Opportunity for Obama
There is widespread agreement in Israel that only strong U. S. pressures might forestall Netanyahu’s election, beginning with a warning by Obama that continued intransigence will jeopardize Israel’s alliance with the United States.
For obvious domestic political reasons, during the campaign Obama was unwilling to be seen as pressuring Israel. But his real views may be different: according to some reports, Obama has privately told Israeli leaders that Israel “would be crazy” to refuse the Arab peace plan. Moreover, if Obama chooses to play an activist role, he will have domestic political cover, for an end to the Israeli occupation and the creation of a viable Palestinian state has now received important high-level bipartisan support.
In particular, Brent Scowcroft and Zbigniew Brzezinski, the former national security advisers to President George H. W. Bush and President Jimmy Carter, have recently urged Obama to adopt the two-state consensus plan and to seek to overcome the obstacles to it by “speaking out clearly and forcefully — and press[ing] the case with steady determination.” As a recent editorial in Israel’s most prestigious newspaper, Haaretz, put it: if the Scowcroft/Brzezinski proposals are adopted by the Obama administration, both Palestinian and Israeli hard-liners would understand that if they opposed it, “they would be choosing confrontation with Obama’s America.”
The strong Obama electoral victory, together with the incoming president’s remarkably widespread prestige and global popularity, has provided the United States with a unique, and perhaps fleeting, opportunity for this country to successfully press Israel and Hamas to agree to a two-state solution.
U.S. national security
The case for doing so does not rest only on the fact that it would serve the genuine interests of our Israeli ally: attaining such a settlement is a crucial national interest of the United States itself, for not only would it finally end the 60-year Israeli-Palestinian conflict, it would help stabilize moderate Arab governments and undercut the growing power of Islamic fundamentalists and terrorists throughout the Middle East.
Indeed, such a settlement may even be crucial for homeland U. S. national security.

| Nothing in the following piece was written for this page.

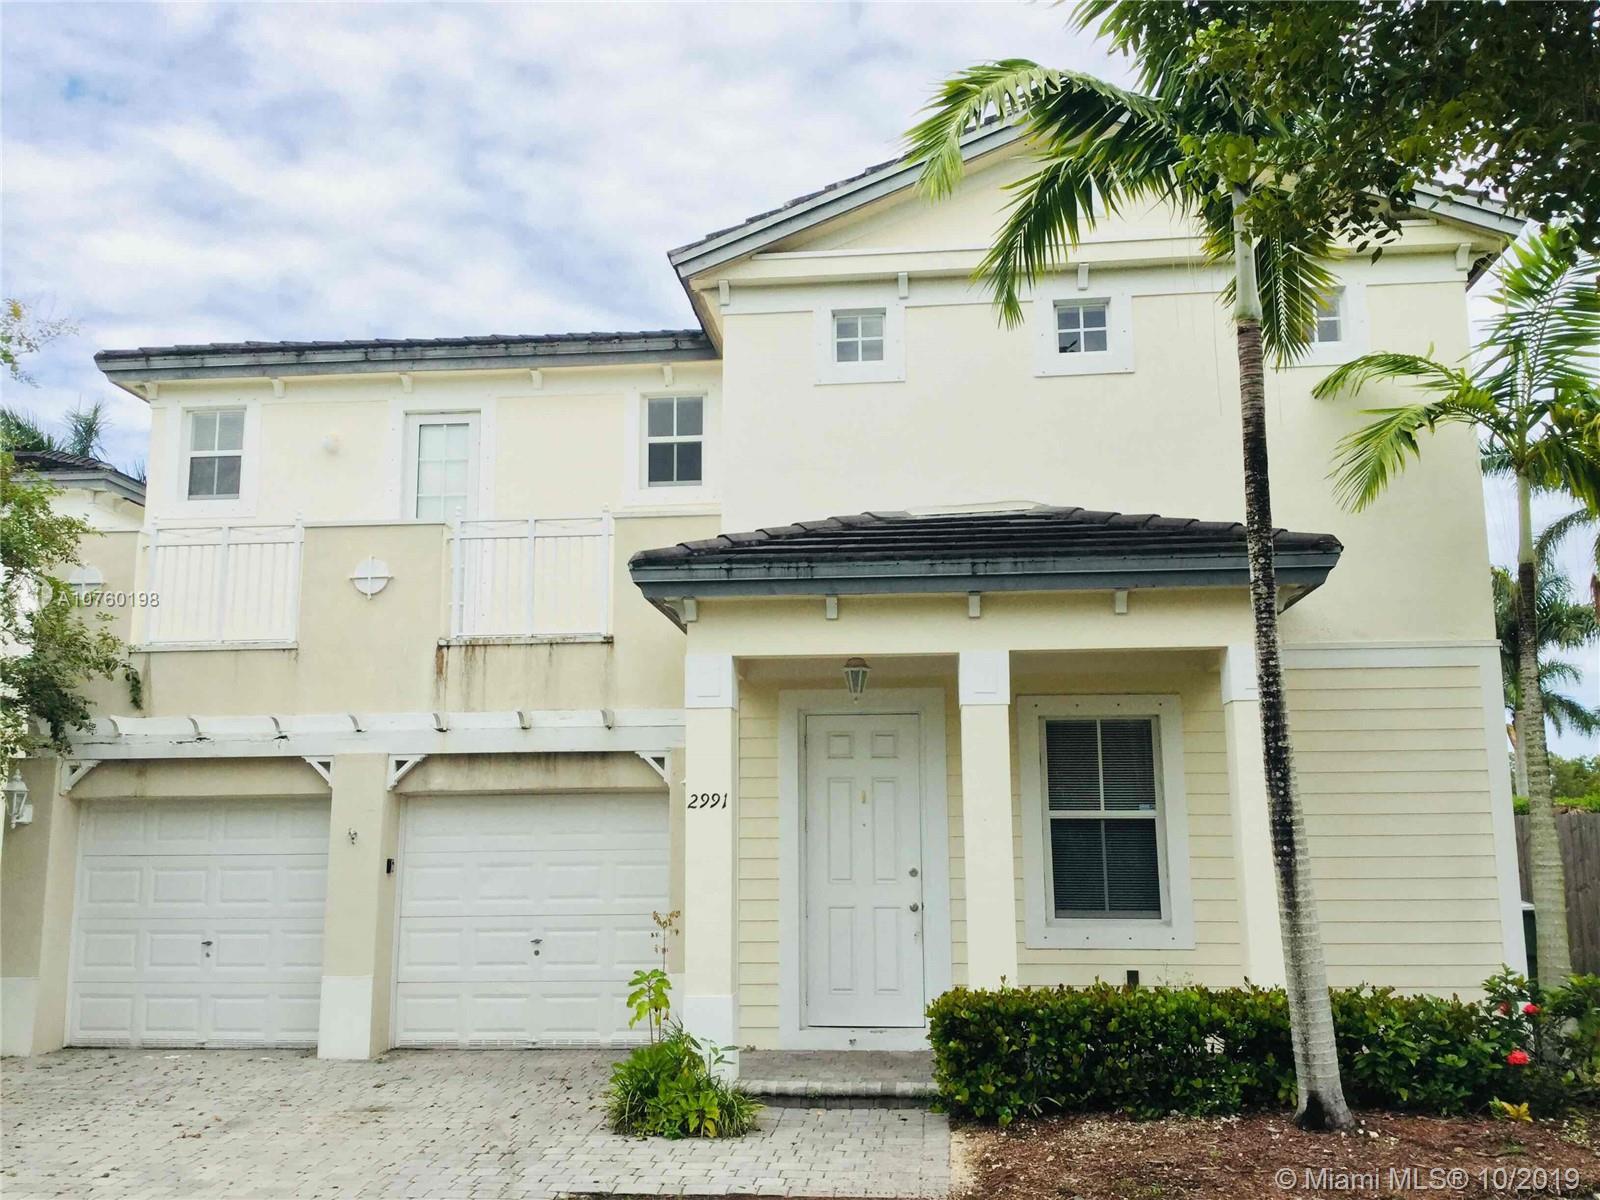 2991 2nd Dr, Homestead, FL 33033 - Homestead, FL real estate listing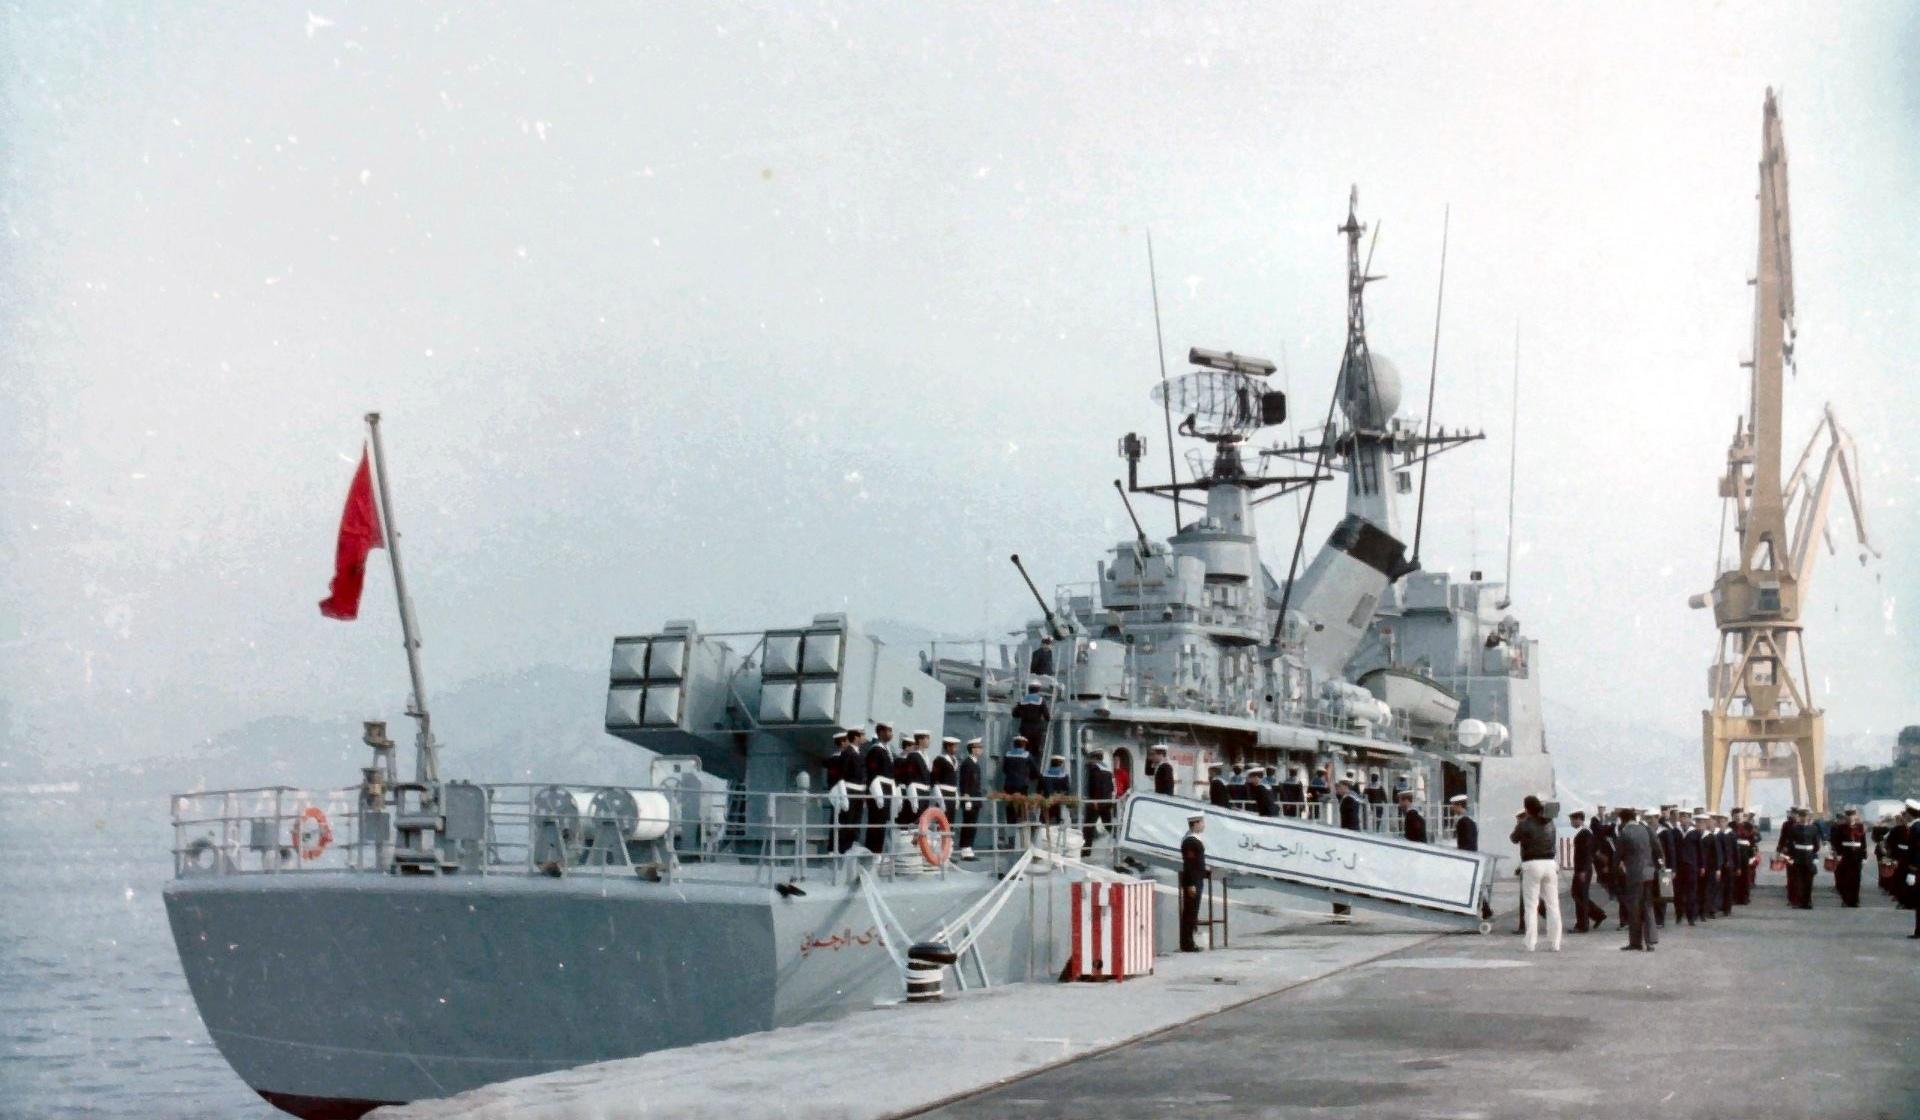 Royal Moroccan Navy Descubierta Frigate / Corvette Lt Cl Errahmani - Bâtiment École - Page 4 Clipb524

Although not the only factor, there is no serious doubt that U.S. support of Israel’s policies toward the Palestinians is one of the main reasons Islamic terrorists are expected to again attack this country. Moreover, sooner or later Osama bin Laden, al-Qaida or other terrorist groups are likely to acquire nuclear or biological weapons. Since in all probability we cannot indefinitely prevent Islamic fundamentalists from gaining the technological capability of killing millions of Americans, our best hope is to reduce their motivation to do so, or at least the motivation of renegade states, like Iran, to help them.
The best way to do that is for Obama to use his personal prestige and the full range of U. S. power and influence to ensure a fair and comprehensive Arab-Israeli peace settlement, beginning with a major effort to persuade Israelis not to elect Netanyahu.